Pendant encore au moins deux semaines, ils ne pourront pas retourner chez eux, a déclaré la Première ministre de l’Alberta Rachel Notley. Elle a indiqué que, contrairement à ce que l’on pourrait croire en observant la multitude d’images de la ville dévastée, ce ne sont en fait « que » 10 % de Fort McMurray qui ont été décimés. Un chiffre à relativiser puisqu’il ne prend en compte que les dégâts causés par le feu lui-même : plus de 2 400 bâtiments ont été ravagés par les flammes.

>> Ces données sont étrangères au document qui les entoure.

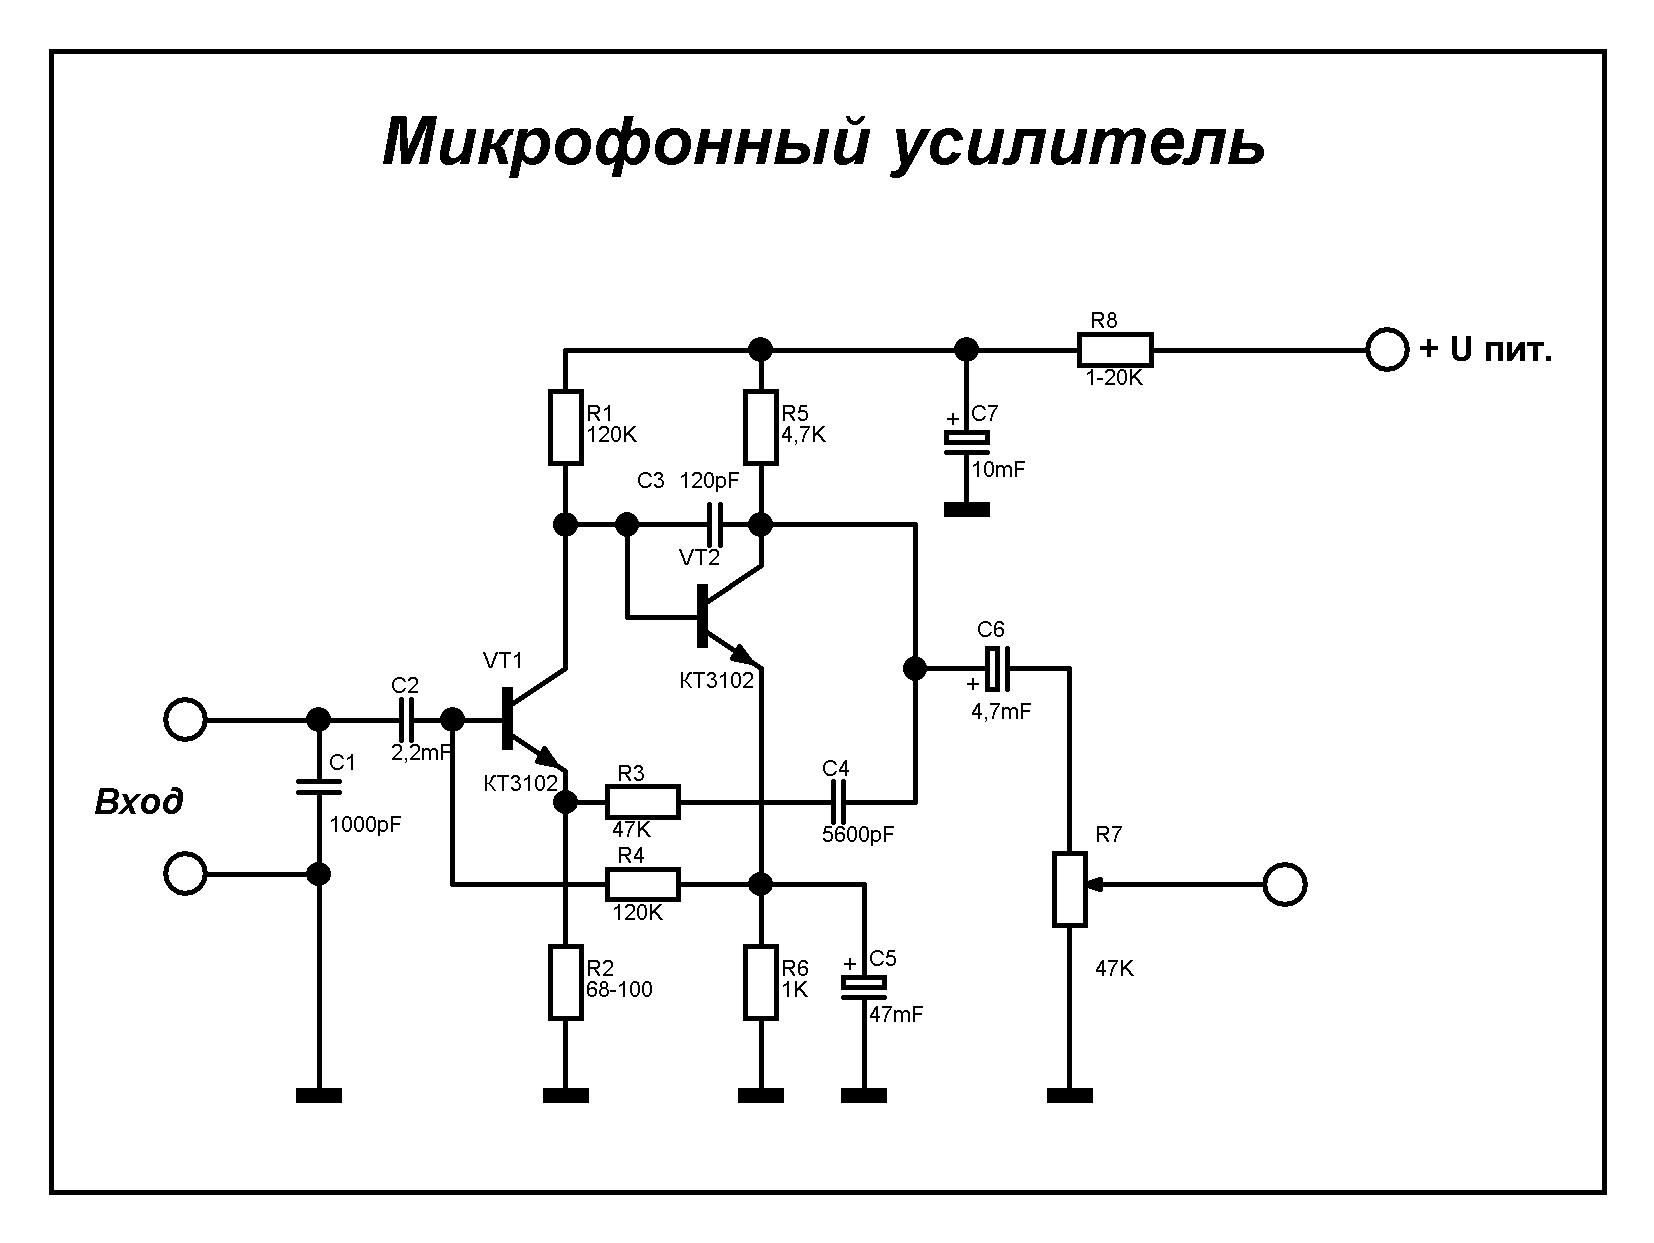 Схема микрофонного усилителя динамический микрофон
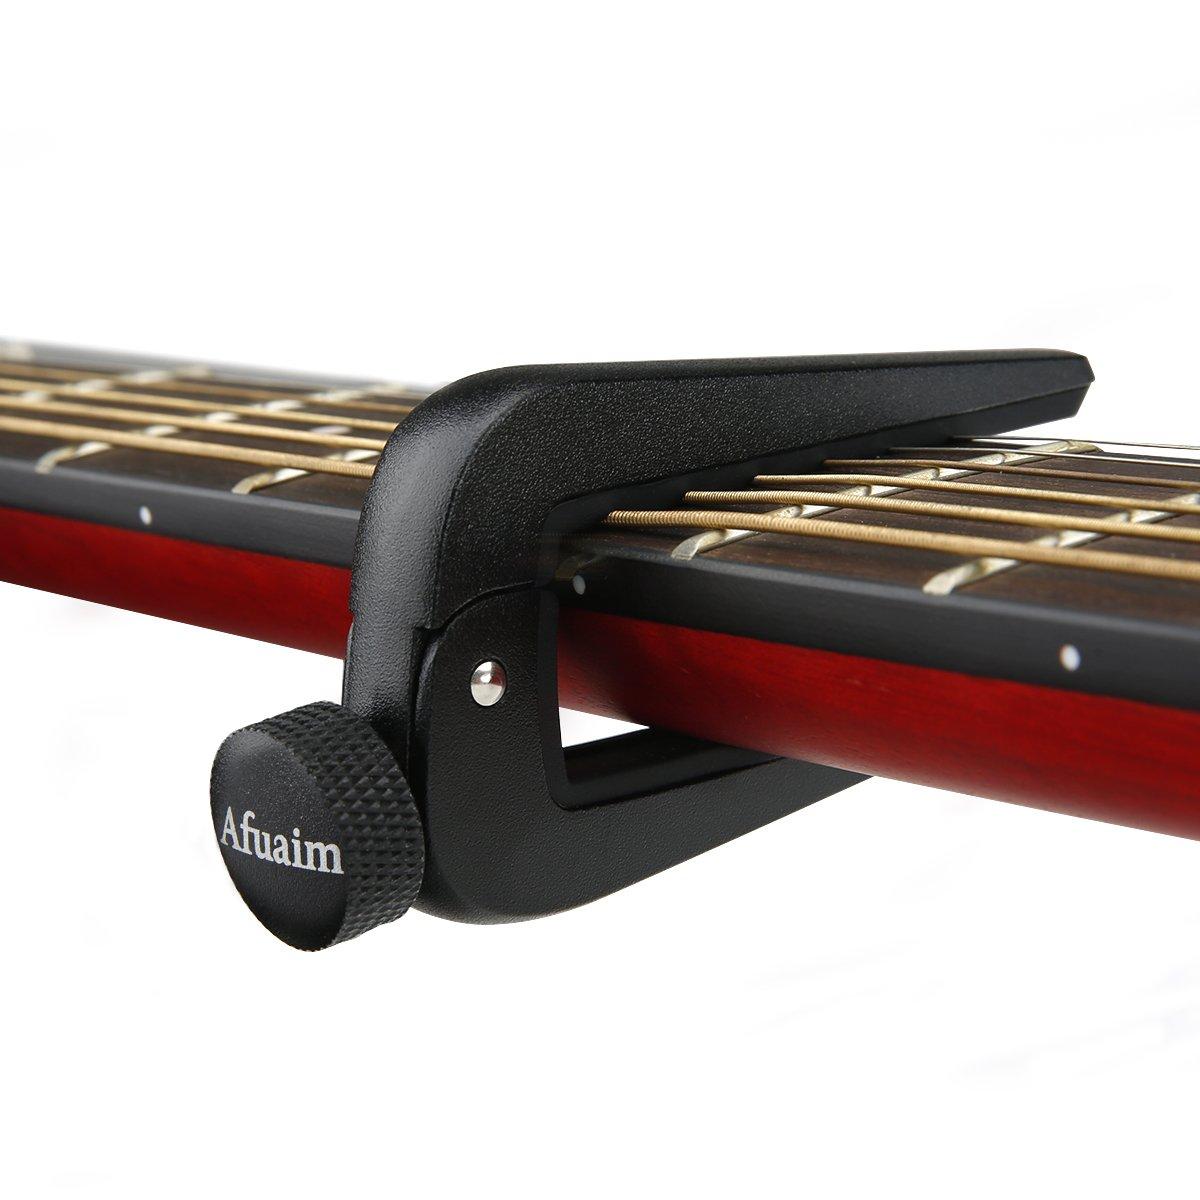 colore argento con sgancio rapido e forcella estrattore per pioli capotasto adatto per chitarre elettriche e acustiche Adagio Pro Deluxe

La fumée a sans doute rendu de nombreuses habitations inhabitables celle se trouvant au niveau du sol présentant un danger pour la santé. L’agence Environnement Canada alerte sur une dégradation de la qualité de l’air, et prévient que le vent peut amener de la fumée nocive dans des zones pourtant pas concernées par le feu. Des symptômes de toux, irritation de la gorge, maux de tête et difficultés respiratoires sont attendus, notamment chez les personnes à risque (enfants, personnes âgées, asthmatiques…) David Yurdiga, député fédéral de la région, s’est tout de même montré plutôt optimiste. « On va se relever beaucoup plus rapidement que je ne le pensais. Toutes nos infrastructures-clé sont encore debout. Notre hôpital est là, nos écoles. Notre usine de traitement des eaux fonctionne », a-t-il fait savoir.
Des dégats qui vont coûter cher
Mais il devrait tout de même s’agir de la plus grande catastrophe naturelle de l’histoire du Canada, en tout cas de très loin la plus coûteuse. Une première estimation fait état de 9 milliards de dollars canadiens (67 MMDH) de dédommagements versés par les assurances. Le précédent record date de l’épisode de la pluie verglaçante de 1998 au Québec, qui avait coûté 1,9 milliards de dollars canadiens aux assureurs.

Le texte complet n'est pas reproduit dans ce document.